Requirement
Set the listing down unchanged, minus every embedded image.

Collected data
####
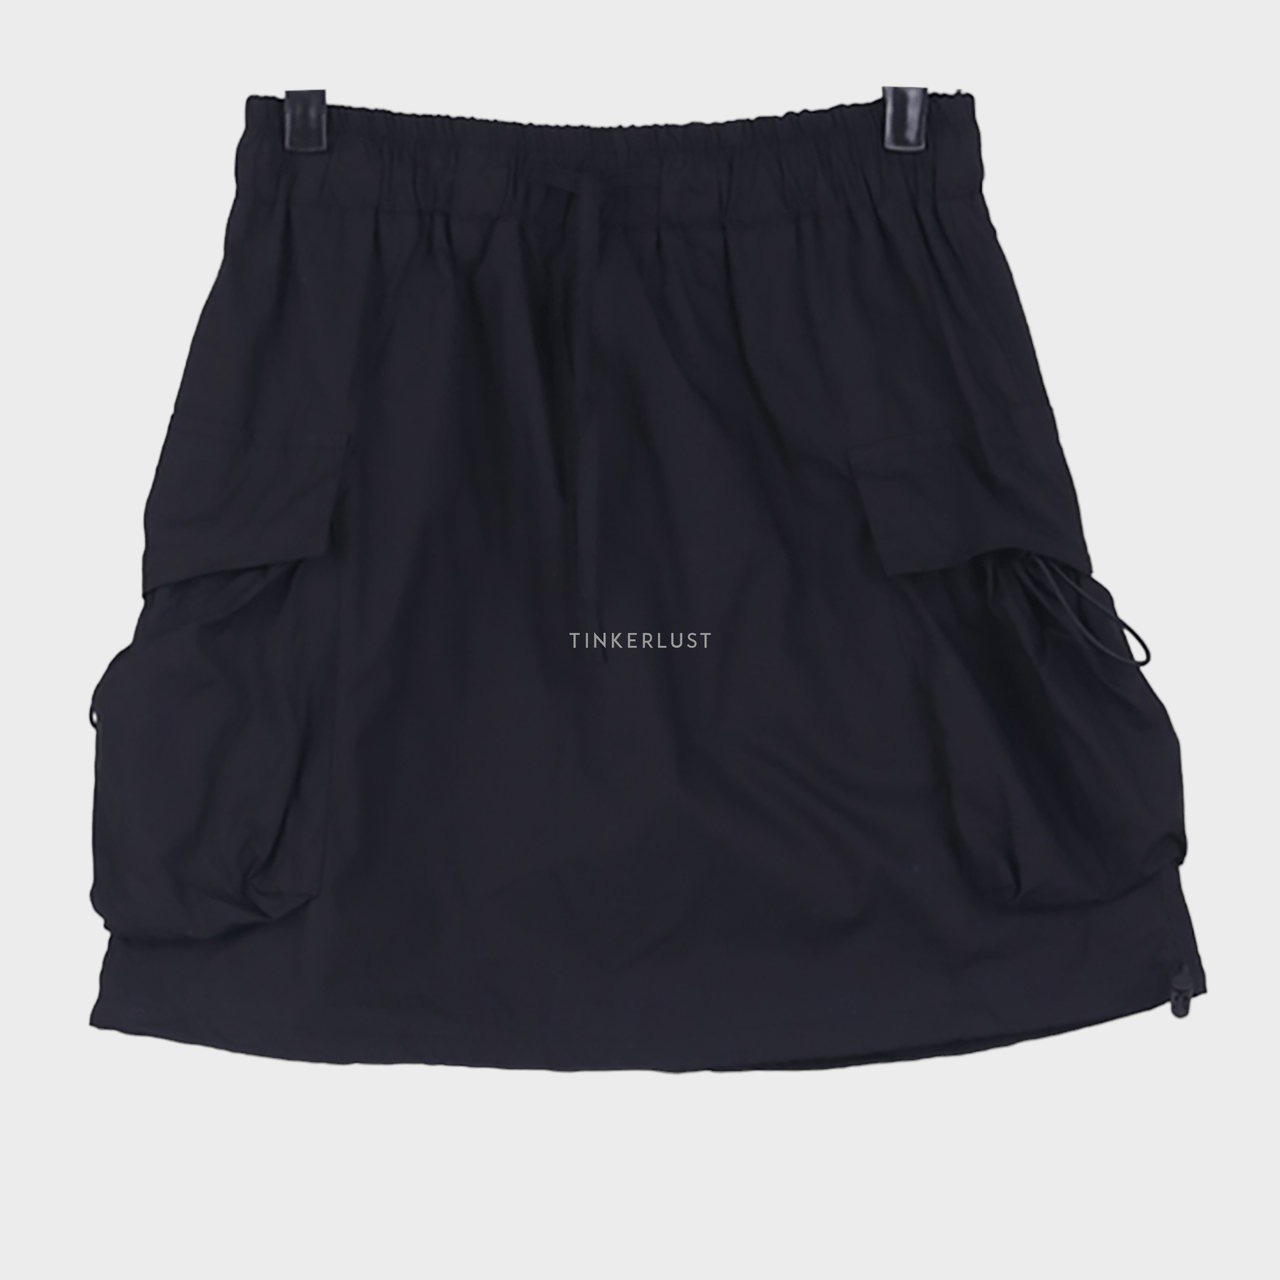 Private Collection Black Skort Pants
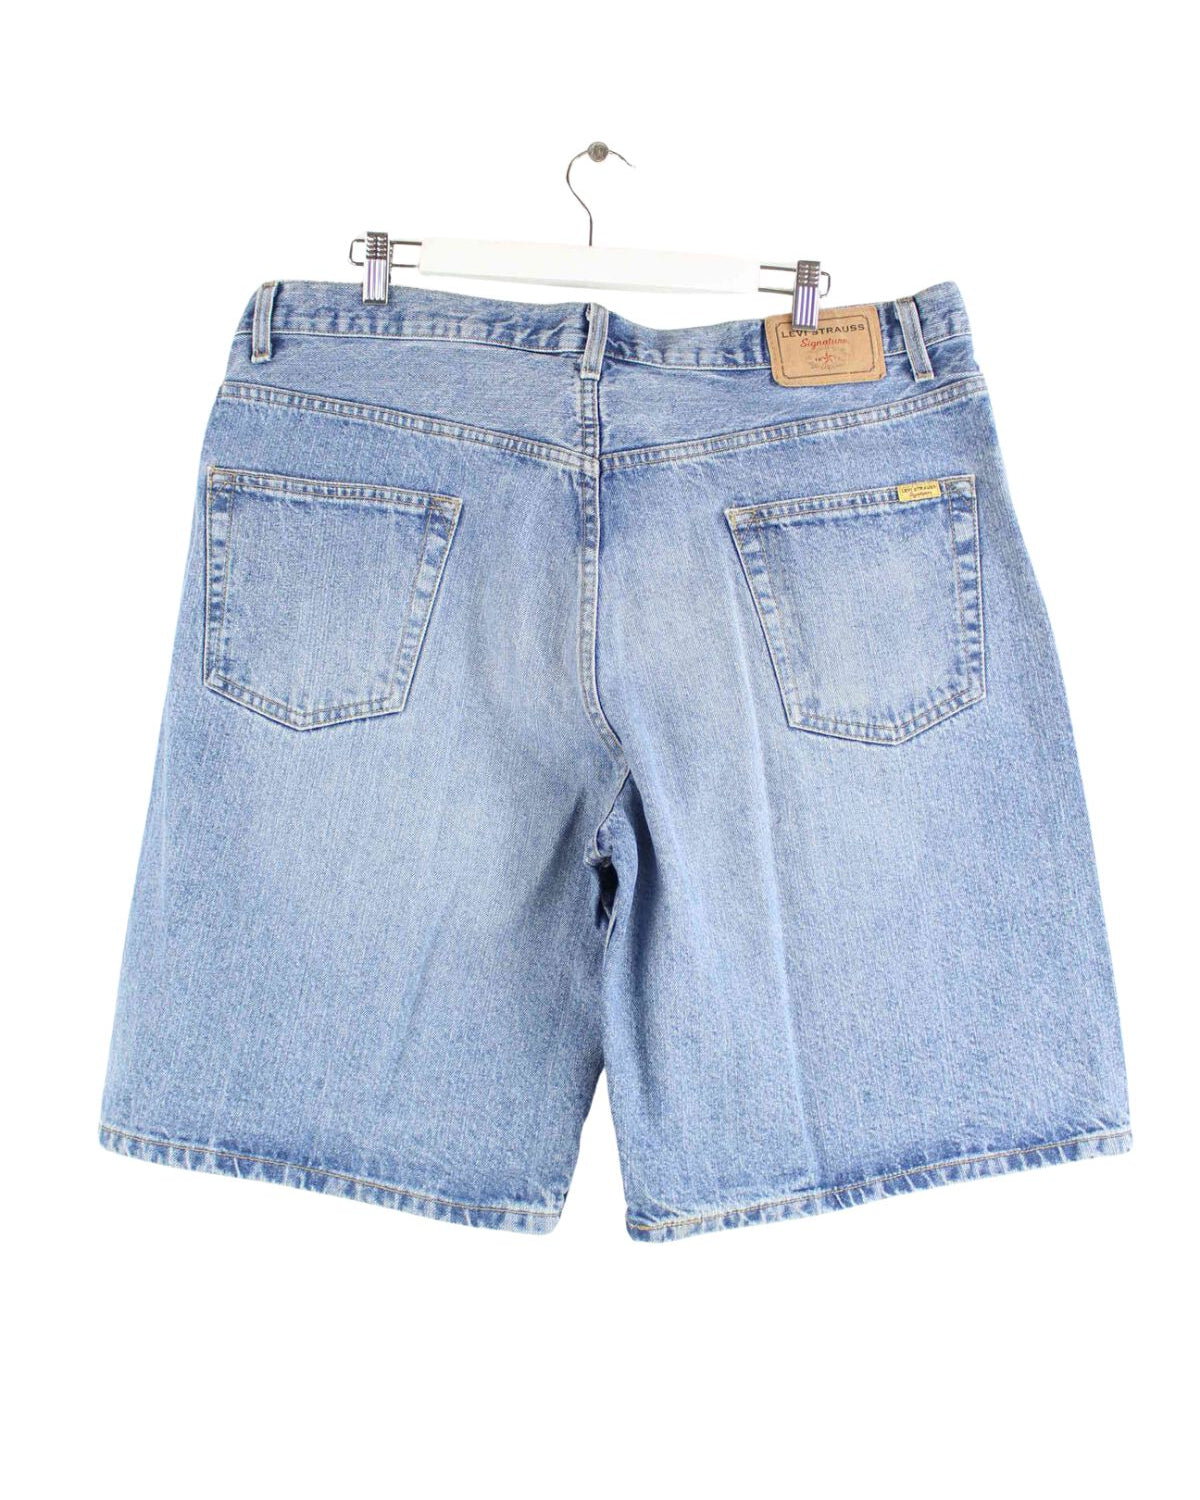 Levi's Signature Jeans Shorts Blau W38 (back image)
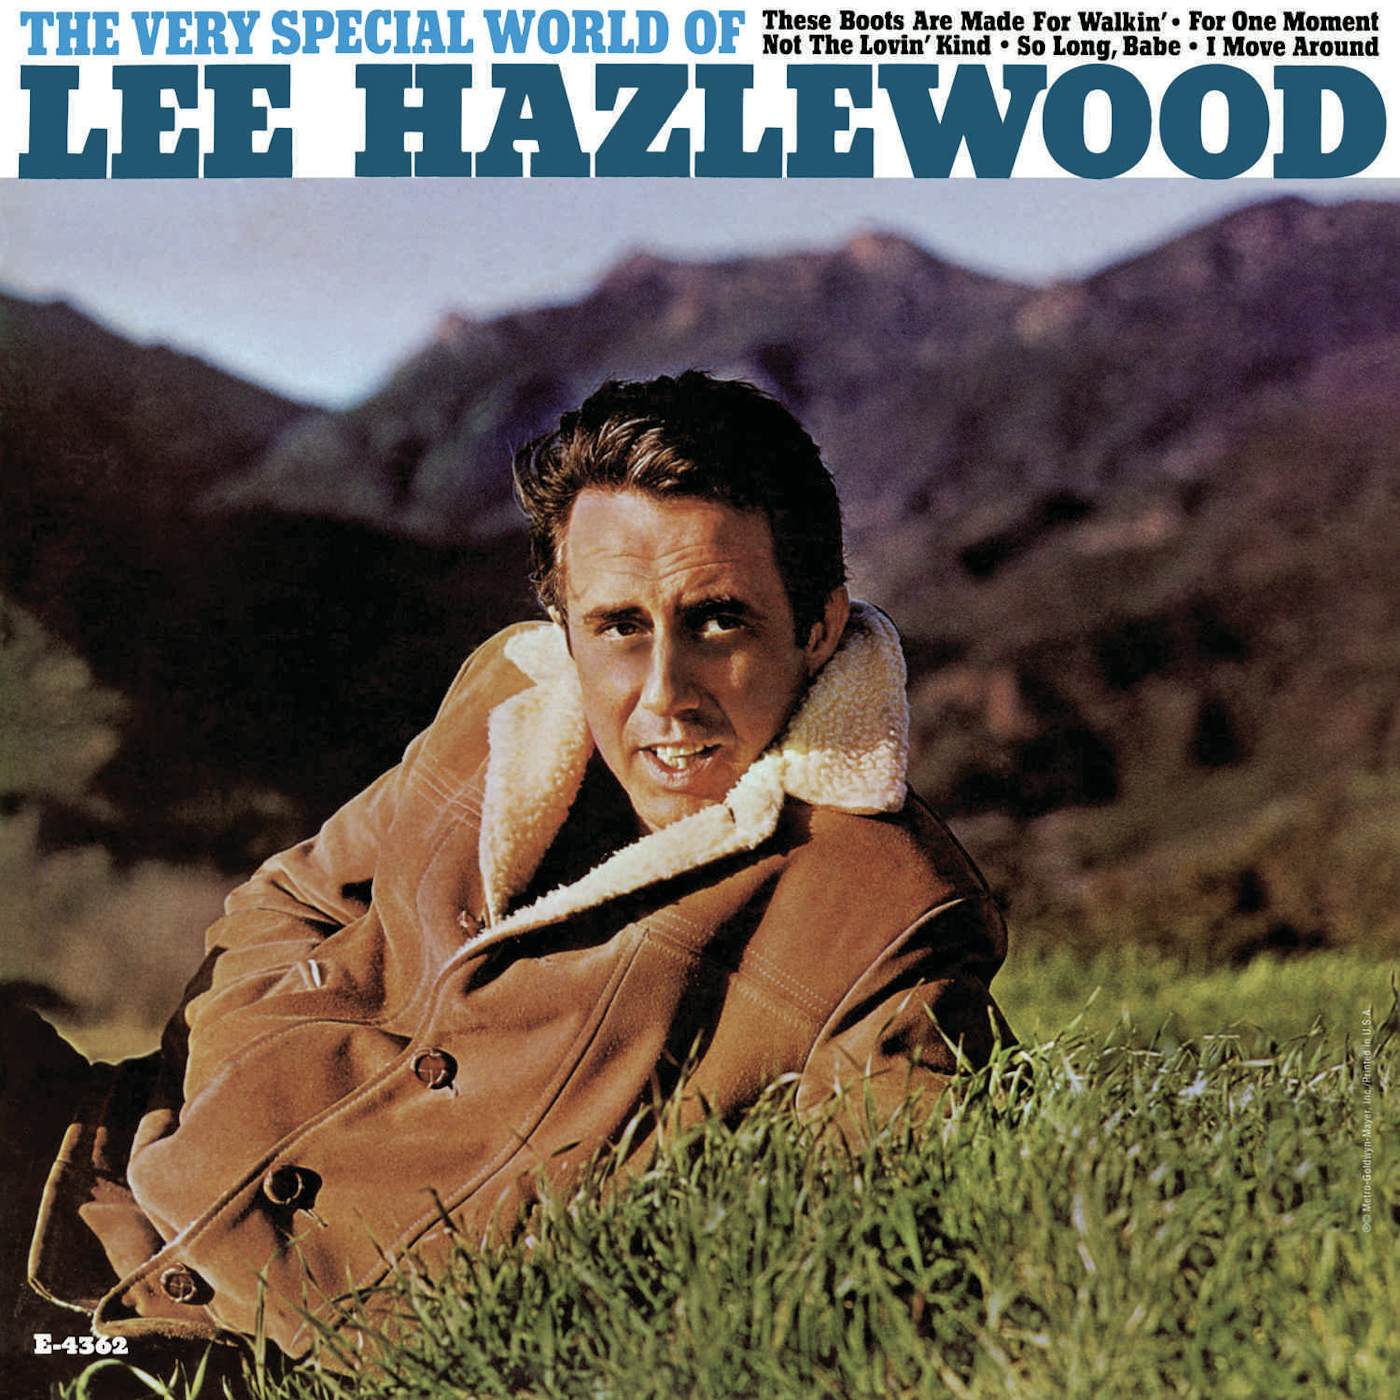 VERY SPECIAL WORLD OF LEE HAZLEWOOD Vinyl Record
####
Reply to the exercise
 Private Collection Black Skort Pants
 Levi's Signature Jeans Shorts Blau W38 (back image)
 VERY SPECIAL WORLD OF LEE HAZLEWOOD Vinyl Record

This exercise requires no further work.